▶ [Exercise data]:
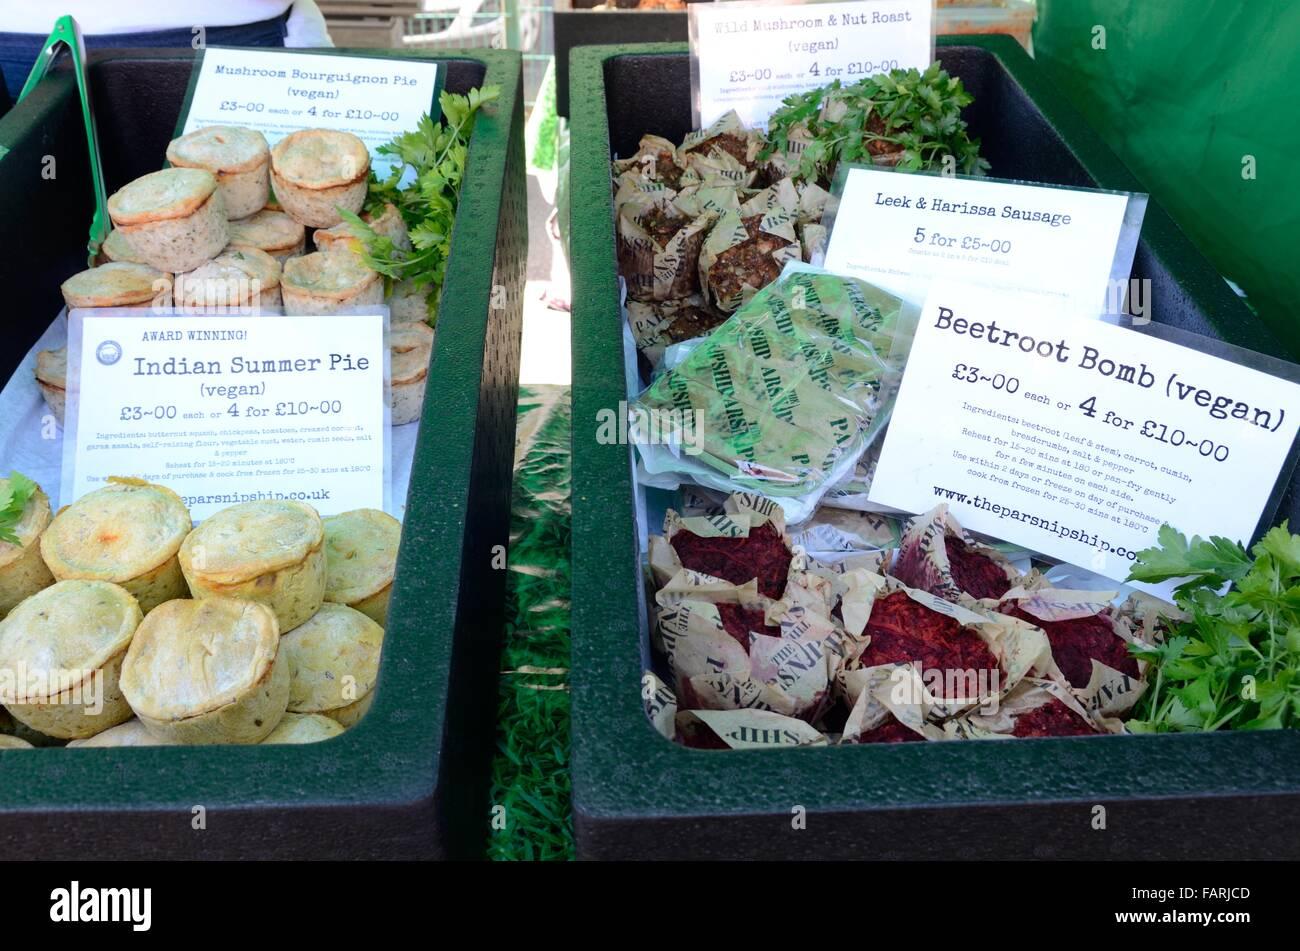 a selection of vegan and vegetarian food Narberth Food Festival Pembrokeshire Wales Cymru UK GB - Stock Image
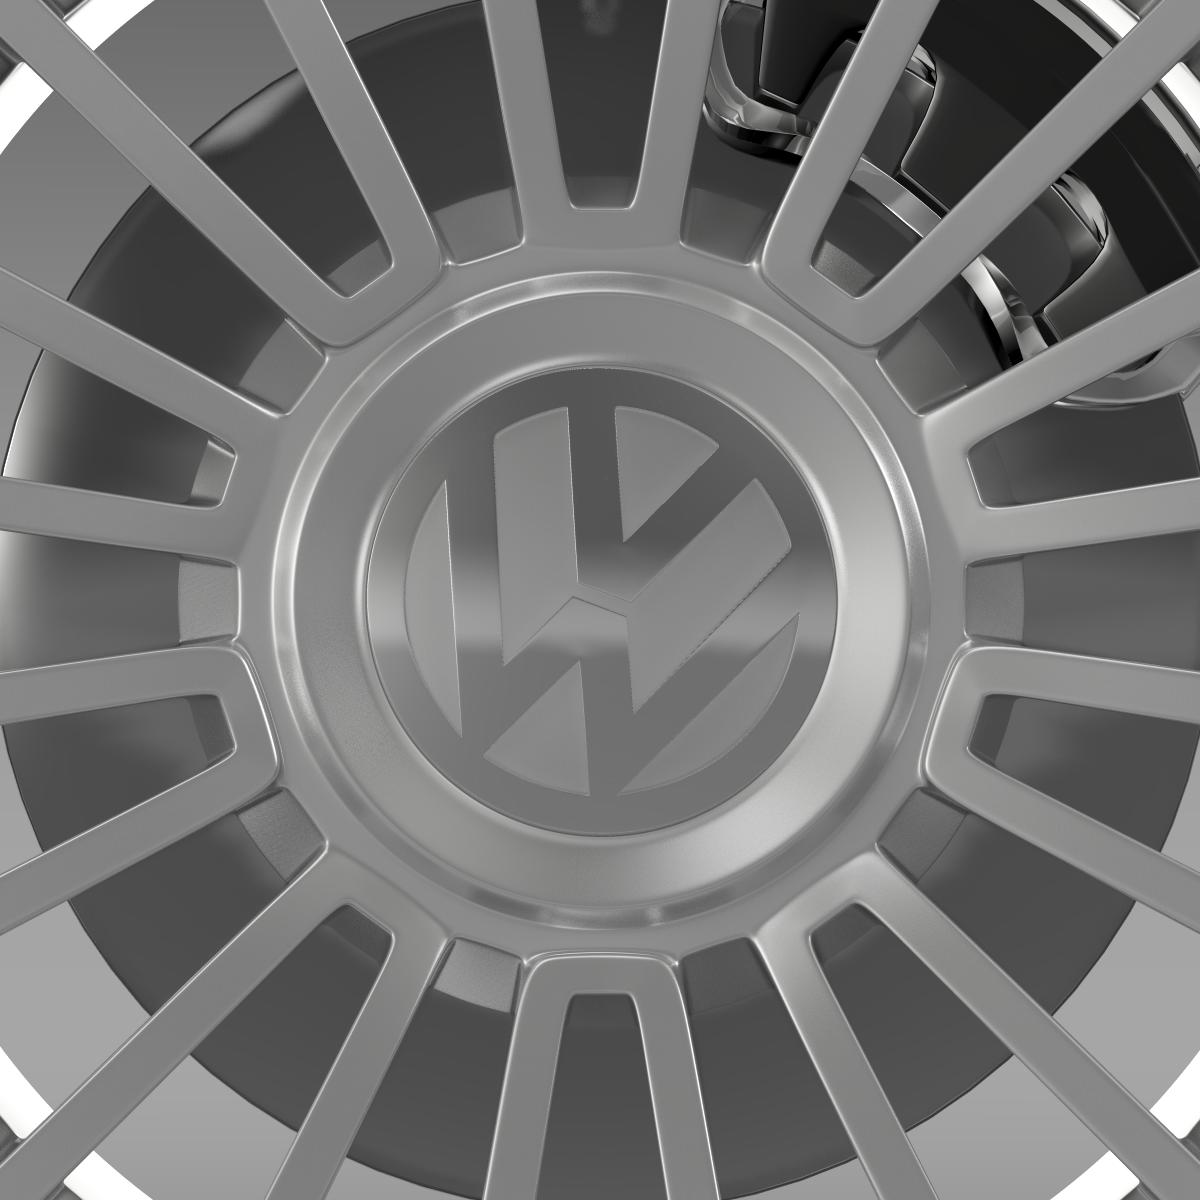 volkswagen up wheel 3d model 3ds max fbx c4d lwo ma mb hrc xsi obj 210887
==
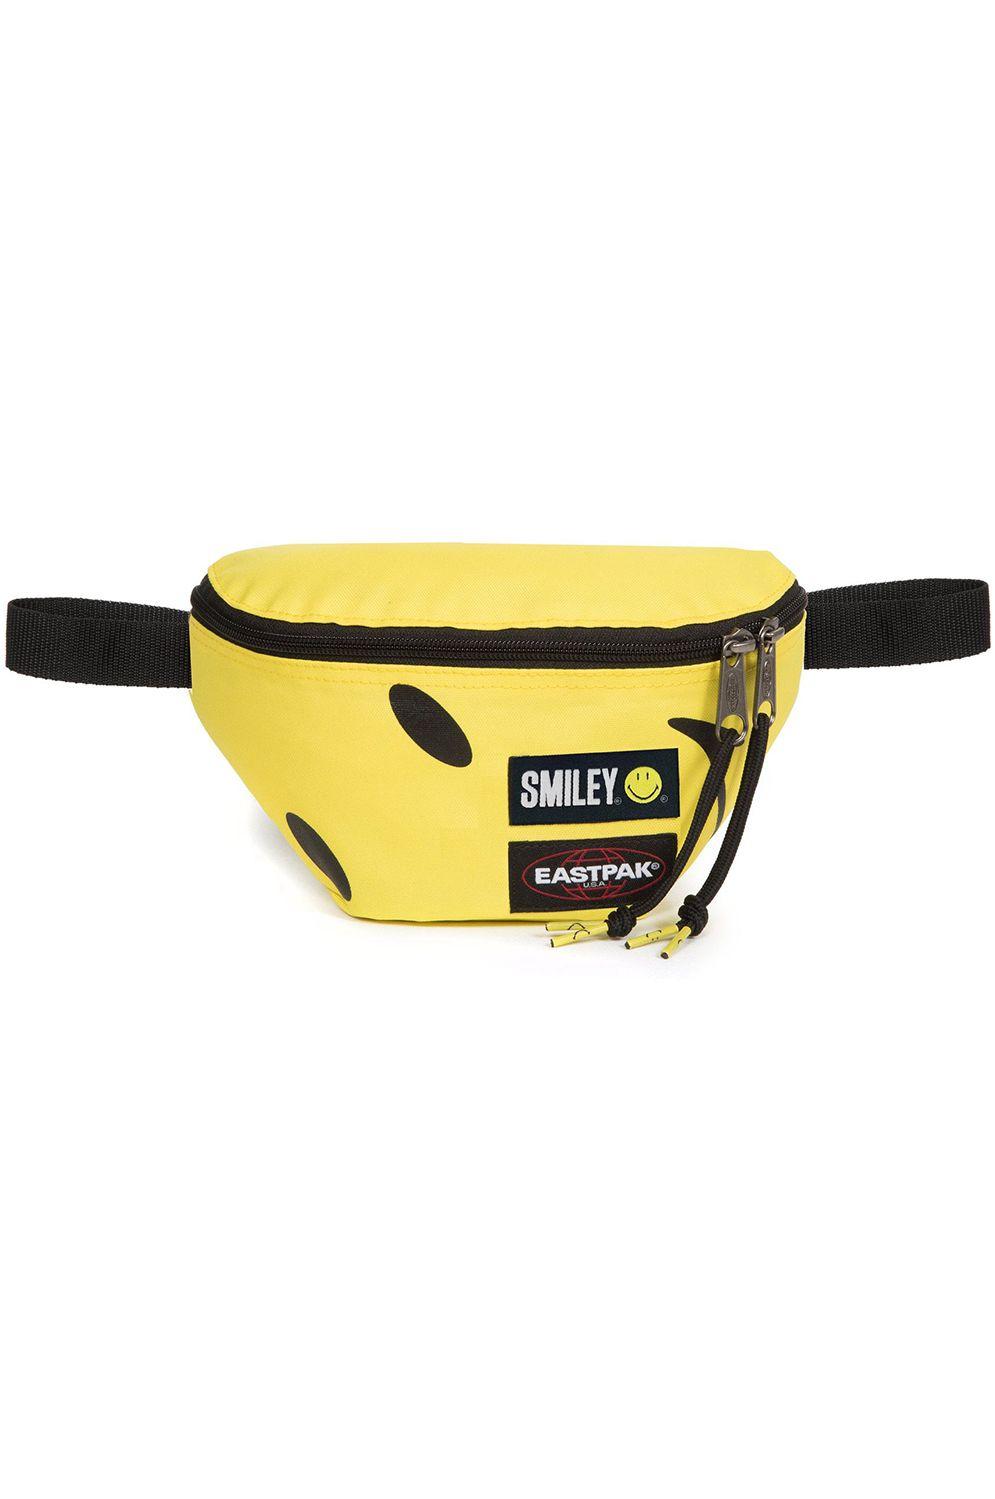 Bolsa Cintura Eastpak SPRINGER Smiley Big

▶ [Problem statement]: Word for word, retype the lines in the entries above that run from the one with "a selection of" through the one with "volkswagen up wheel". Both ends count; pictures do not.

▶ [Answer]:
 a selection of vegan and vegetarian food Narberth Food Festival Pembrokeshire Wales Cymru UK GB - Stock Image
 volkswagen up wheel 3d model 3ds max fbx c4d lwo ma mb hrc xsi obj 210887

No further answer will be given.